Laser glass drilling is based on laser ablation using green laser light (532 nm). Usually, glass absorbs light in the far IR and UV wavelength region and is highly transparent in the visible wavelength range. Therefore, it seems surprising that green laser light can be used to process glass when only a very small fraction of the laser light can be transformed into heat. Glass is a so called wide-bandgap material where the photon energy of normal solid-state lasers at 532 nm is not high enough for a direct single-photon bandgap excitation of the material.
However, if a laser beam is strongly focused into the glass material and at the same time the laser pulse emission is very short, a high intensity energy distribution is achieved that exceeds the so called threshold intensity at which the material absorbs the green laser light. This effect is called non-linear absorption and effectively enables laser glass drilling with green laser light.
Not only the strong focusing of a short pulsed green laser beam into the glass, but also the guidance of the focus within the material is essential for the production of a through hole or cutout in glass. To create the hole, the laser beam is focused into the back of the glass surface and moved upwards, allowing the vaporized material and glass particles to flow freely in the opposite direction, away from the processing zone.
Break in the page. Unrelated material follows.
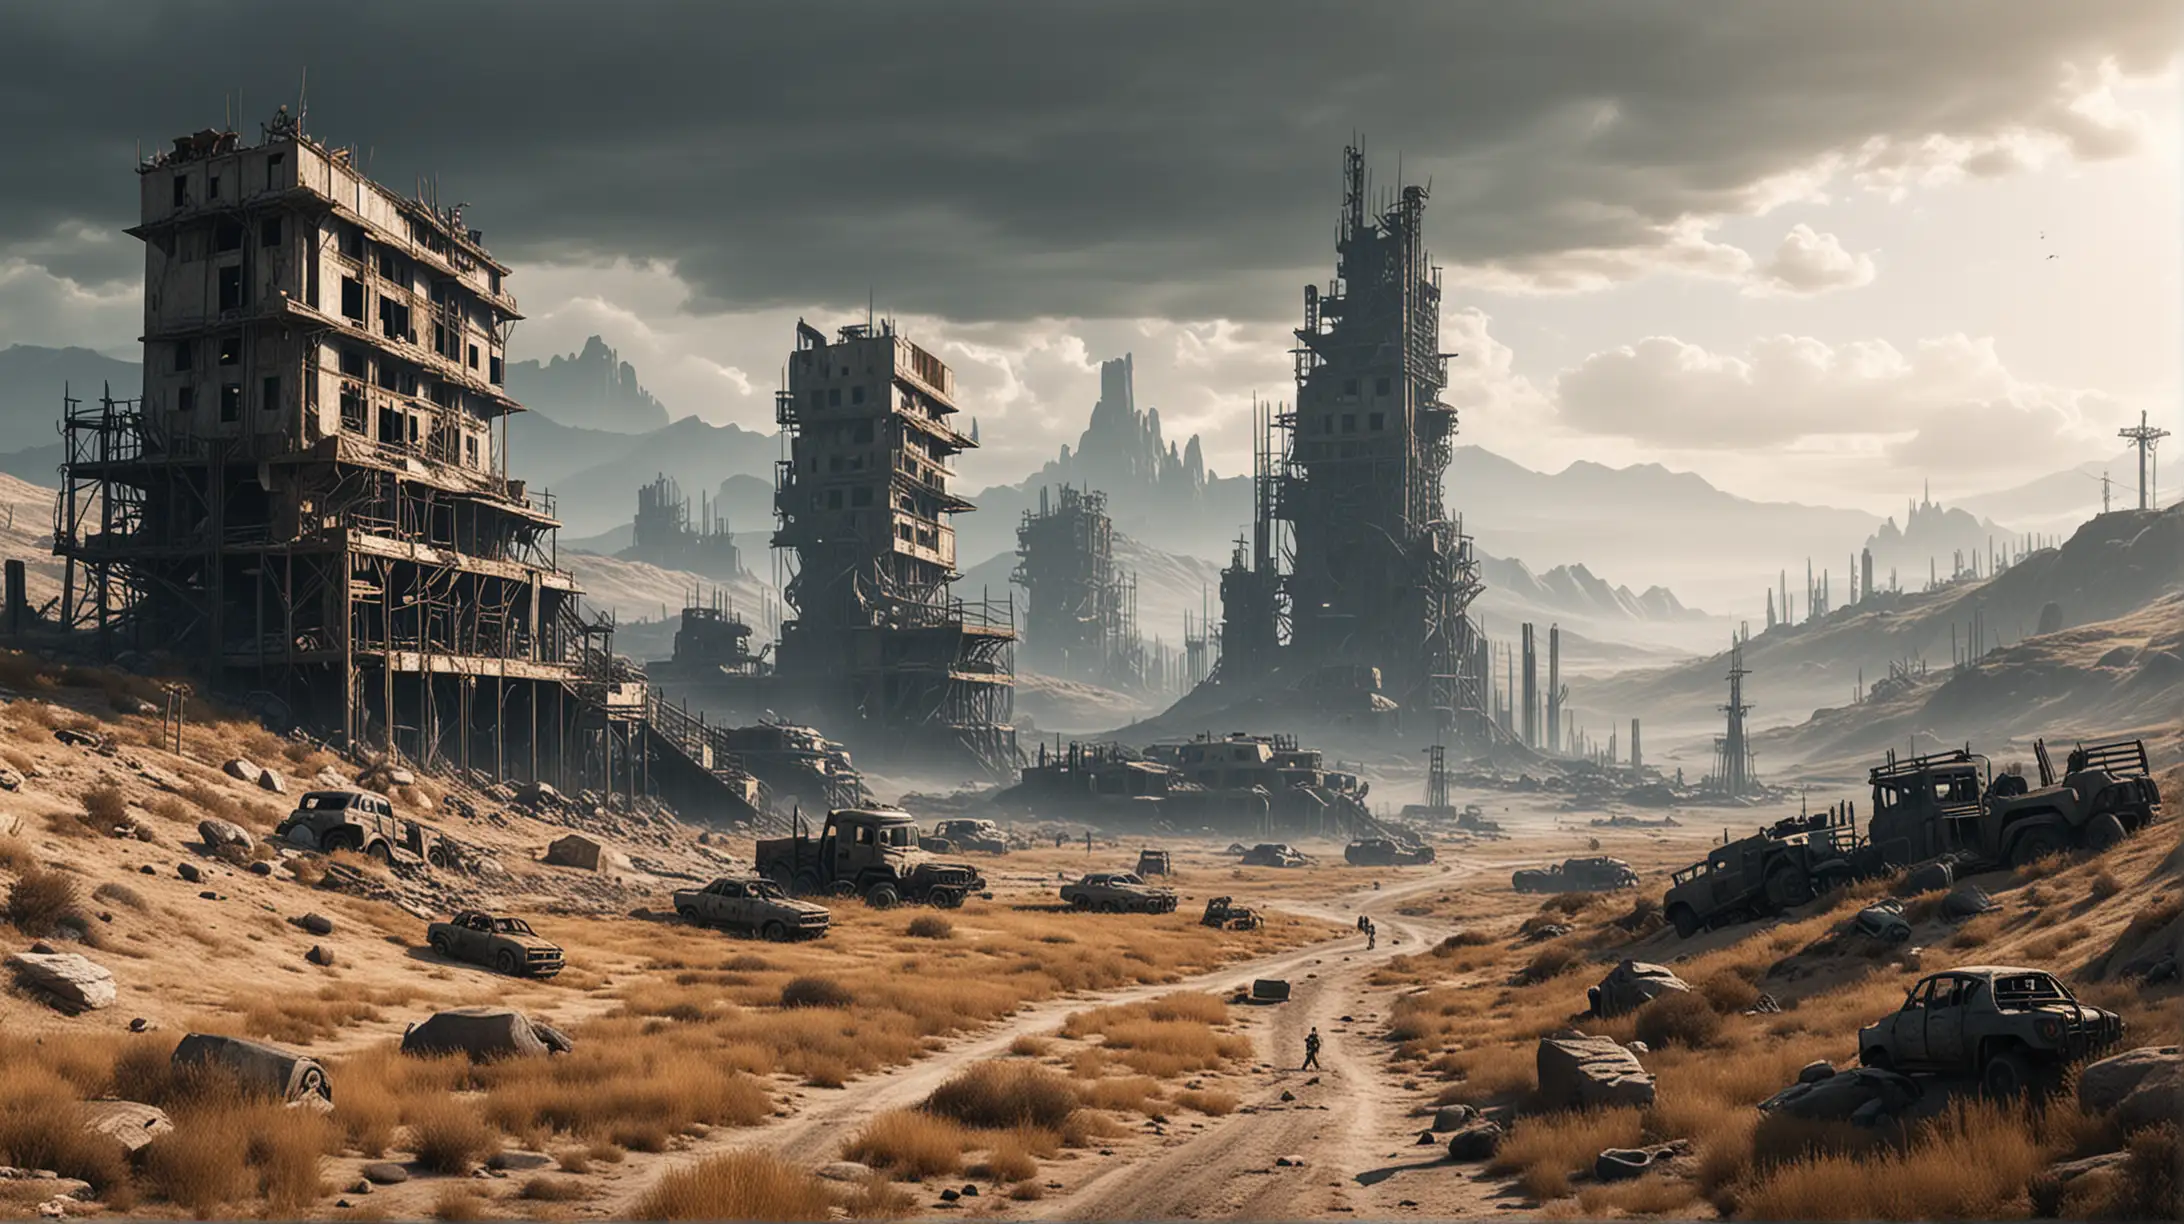 PostApocalyptic Landscape with Futuristic Architecture and Rolling Hills

This prevents the interaction between the laser beam and the material vapor, resulting in higher drilling performance and precision. When the focus reaches the upper glass surface, the drill core is released and falls out of the hole. A suction nozzle below and above the glass removes the vapor and glass particles.
- The process offers a high degree of design freedom and allows holes and inner contours to be freely shaped.
- Laser drilling is also suitable for processing thin glass.
- The resulting chipping is small compared to mechanical methods, and high-quality drill hole edges are achieved.
- Precise positioning creates high quality products that cannot be produced by mechanical methods.